В XVIII веке процесс разложения народно-праздничного смеха, прорвавшегося в эпоху Возрождения в большую литературу и культуру, в сущности, завершился. Одновременно завершился в основном и процесс формирования тех новых жанровых разновидностей смеховой литературы, сатирической и развлекательной, которым предстоит господствовать в XIX веке. Сложились в основном и те формы редуцированного смеха – юмора, иронии, сарказма и др., – которые будут развиваться в качестве стилистического компонента серьезных жанров (главным образом романа). Но рассмотрение всех этих явлений не входит в нашу задачу[77]. Нас интересовала лишь магистральная традиция народно-праздничного смеха, подготовлявшая Рабле (и вообще Ренессанс), и ее постепенное затухание в последующие два века.

– английскую, Данте – итальянскую. Выше нельзя было поднять Рабле. Какая разница с суждениями прошлых веков, с суждением, например, Вольтера, для которого Рабле только первый из буффонов, презираемый всей нацией!
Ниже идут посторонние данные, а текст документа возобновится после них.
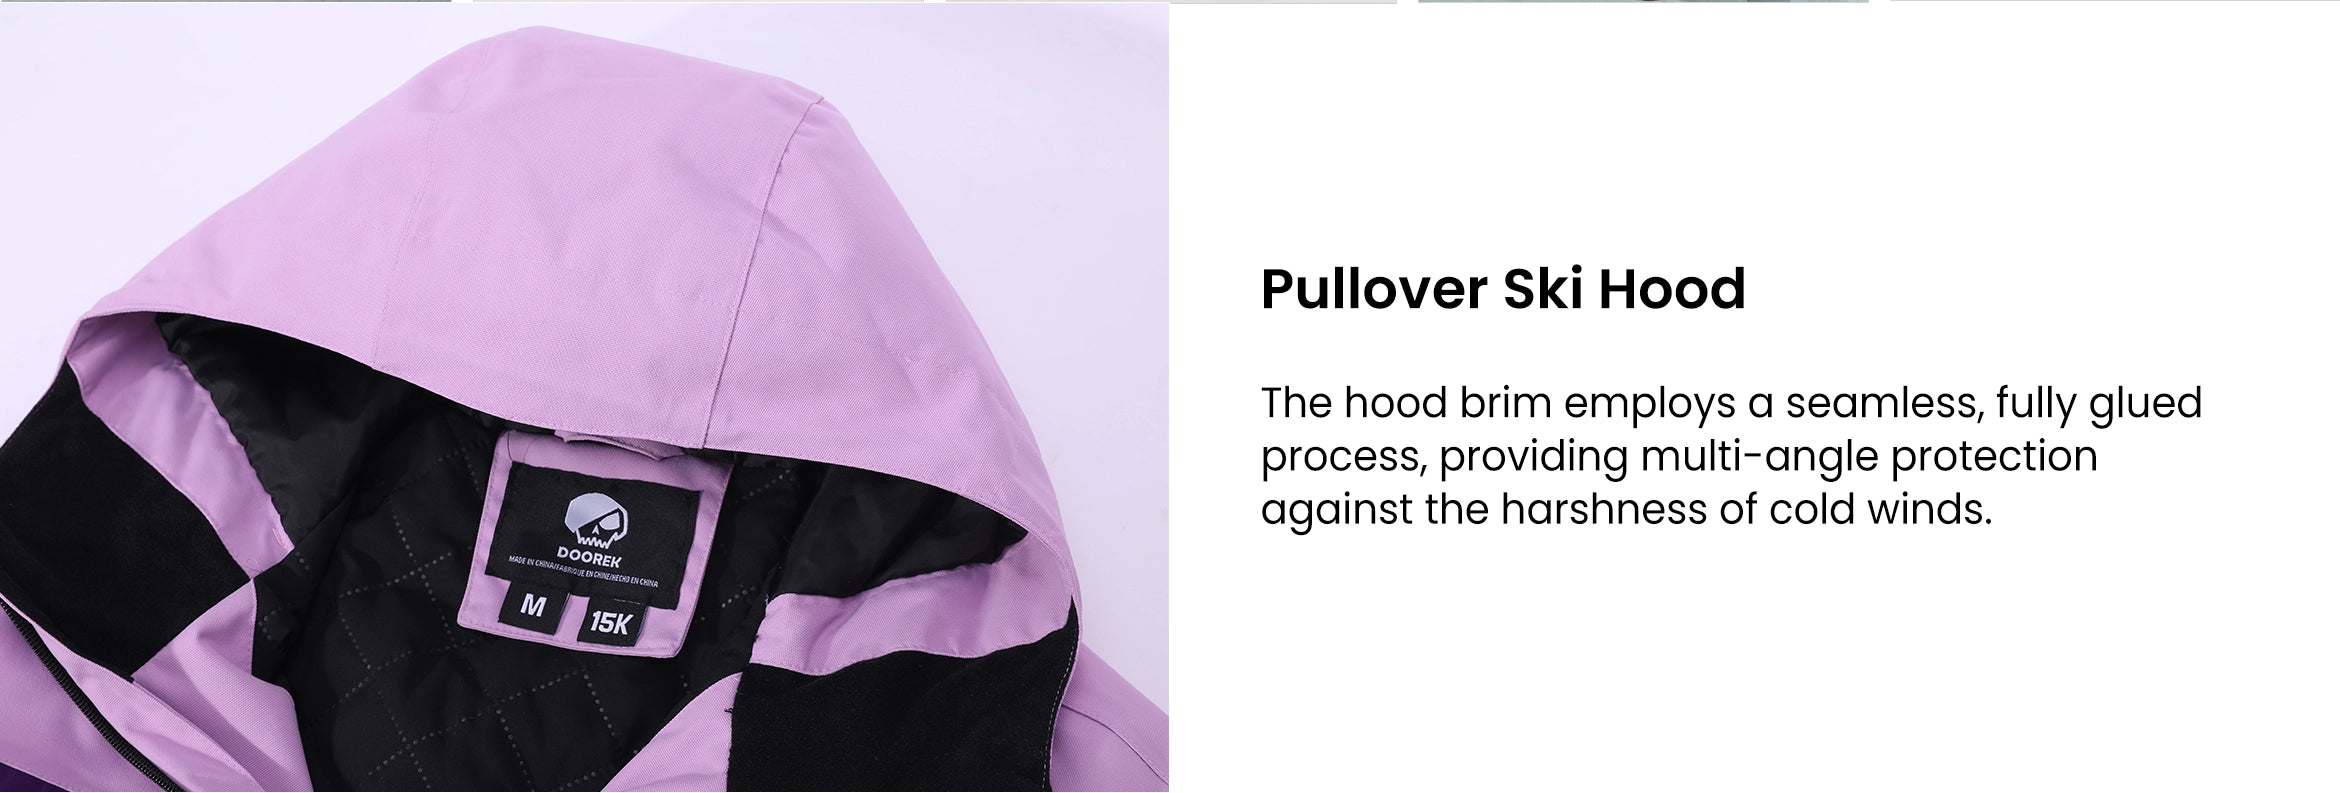 2. Pullover Ski Hood

Идея о гениях-матерях, общая почти всем романтикам, для своего времени была плодотворной. Она заставляла искать в прошлом зачатки будущего, оценивать прошлое с точки зрения оплодотворенного и порожденного им будущего. Аналогична и романтическая идея гения-маяка («esprit phare de l'humanité»), бросающего свой свет далеко вперед себя. Идея эта заставляет видеть в произведениях прошлого – у Шекспира, у Данте, у Рабле – не только то, что в них уже есть, как готовое, вполне осознанное, принадлежащее своему времени, ограниченное, – но прежде всего зачатки, ростки будущего, то есть то, что вполне раскрылось, расцвело и уяснилось только в последующие времена, только в детях, зачатых гениями-матерями. Благодаря этой идее произведения прошлого раскрывают новые стороны, новые возможности; благодаря ей романтики и могли совершать продуктивные открытия – открыть Шекспира, Сервантеса, Рабле.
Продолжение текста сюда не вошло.